AtriCure (Nasdaq:ATRC) announced today that it treated the first patient in its left atrial appendage exclusion for stroke prevention (LeAAPS) trial.
U.S. co-principal investigator Dr. Marc Gerdisch treated the first patient at Franciscan St. Francis Heart Center in Indianapolis.
The prospective, randomized, blinded investigational device exemption (IDE) trial will evaluate the safety and effectiveness of AtriClip. Mason, Ohio–based AtriCure designed AtriClip for the prevention of ischemic stroke or systemic arterial embolism. The LAA exclusion system treats cardiac surgery patients at elevated risk for these events with no history of AFib.
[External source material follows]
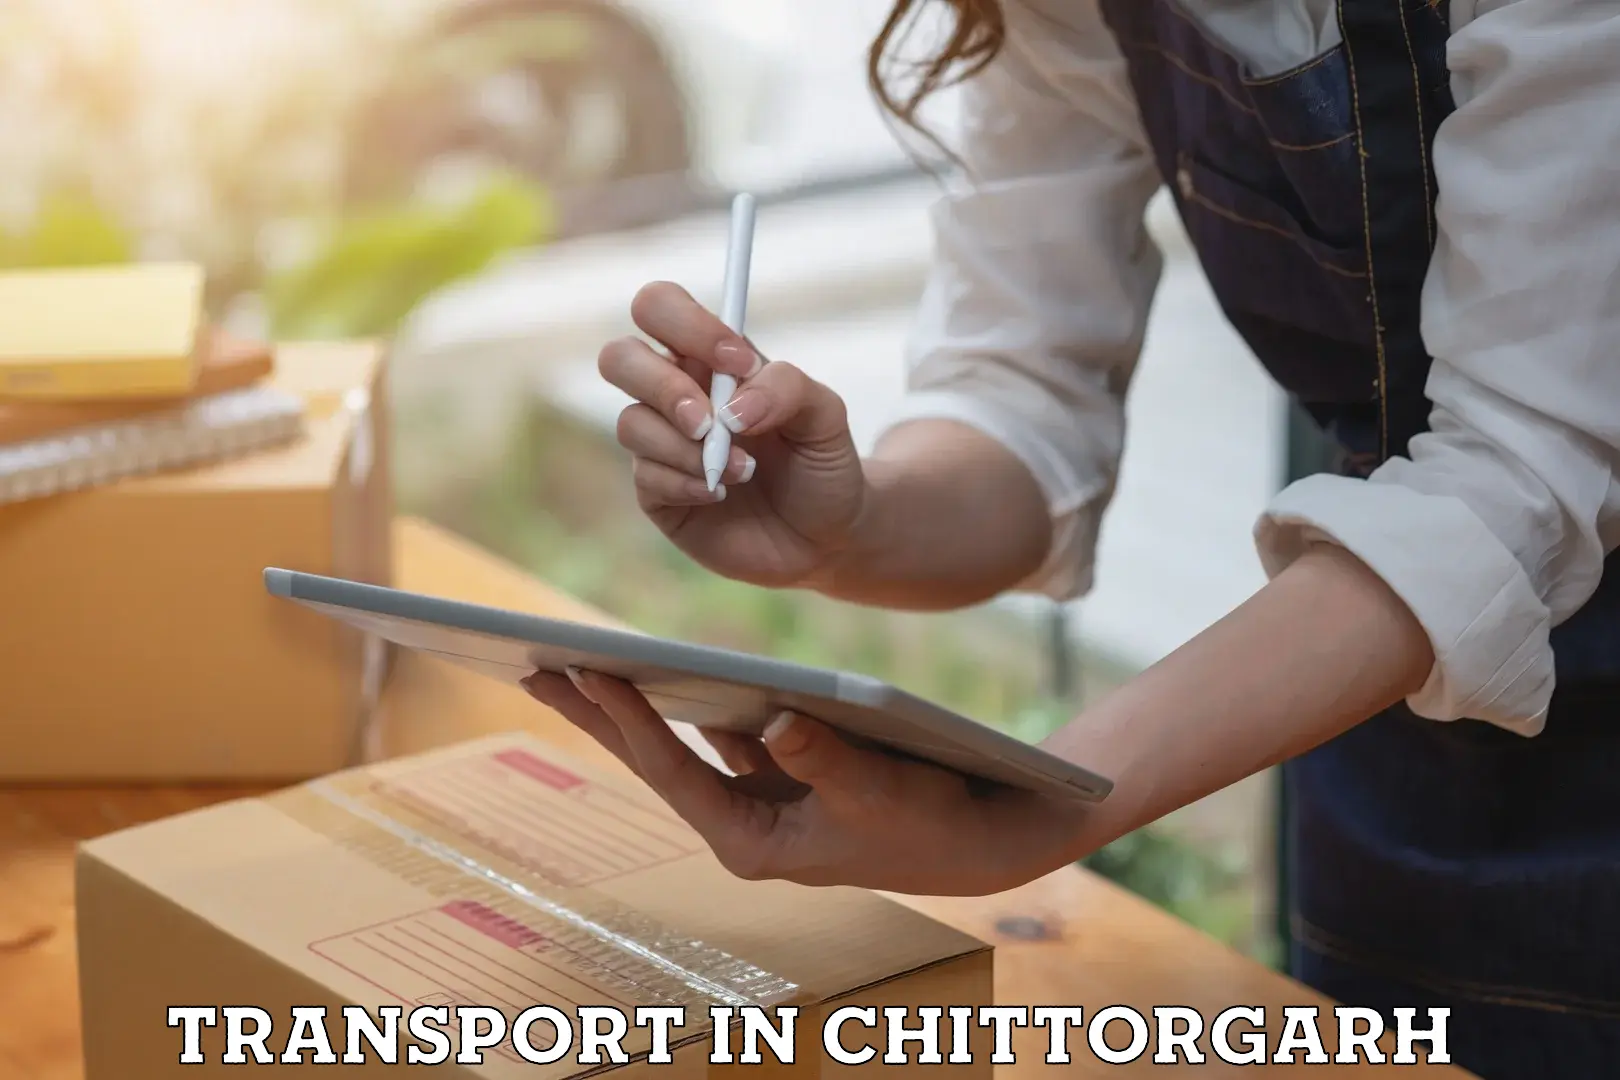 Transportation services in Chittorgarh

AtriCure said it expects the trial to enroll up to 6,500 patients across up to 250 centers worldwide. This would make it the largest randomized clinical trial for surgical LAA exclusion, the company said.
“The LeAAPS trial is a landmark study to evaluate the prophylactic use of AtriClip devices for stroke reduction in cardiac surgery patients without a preoperative Afib diagnosis, laying the groundwork for a new frontier in stroke prevention,” said Michael Carrel, president and CEO of AtriCure.
Carrel added that the trial presents a “substantial opportunity” to leverage AtriClip for better long-term outcomes. It also allows AtriCure to expand its markets.
AtriCure plans to use LeAAPS trial results to expand the label indications for the use of AtriClip. That could include stroke prevention in patients with an elevated risk of ischemic stroke events.
“LeAAPS is one the largest randomized controlled trials in cardiac device history, and we expect it will establish a new standard of care for patients undergoing cardiac surgery,” said Dr. Richard Whitlock, a cardiothoracic surgeon at McMaster University and global principal investigator for the trial.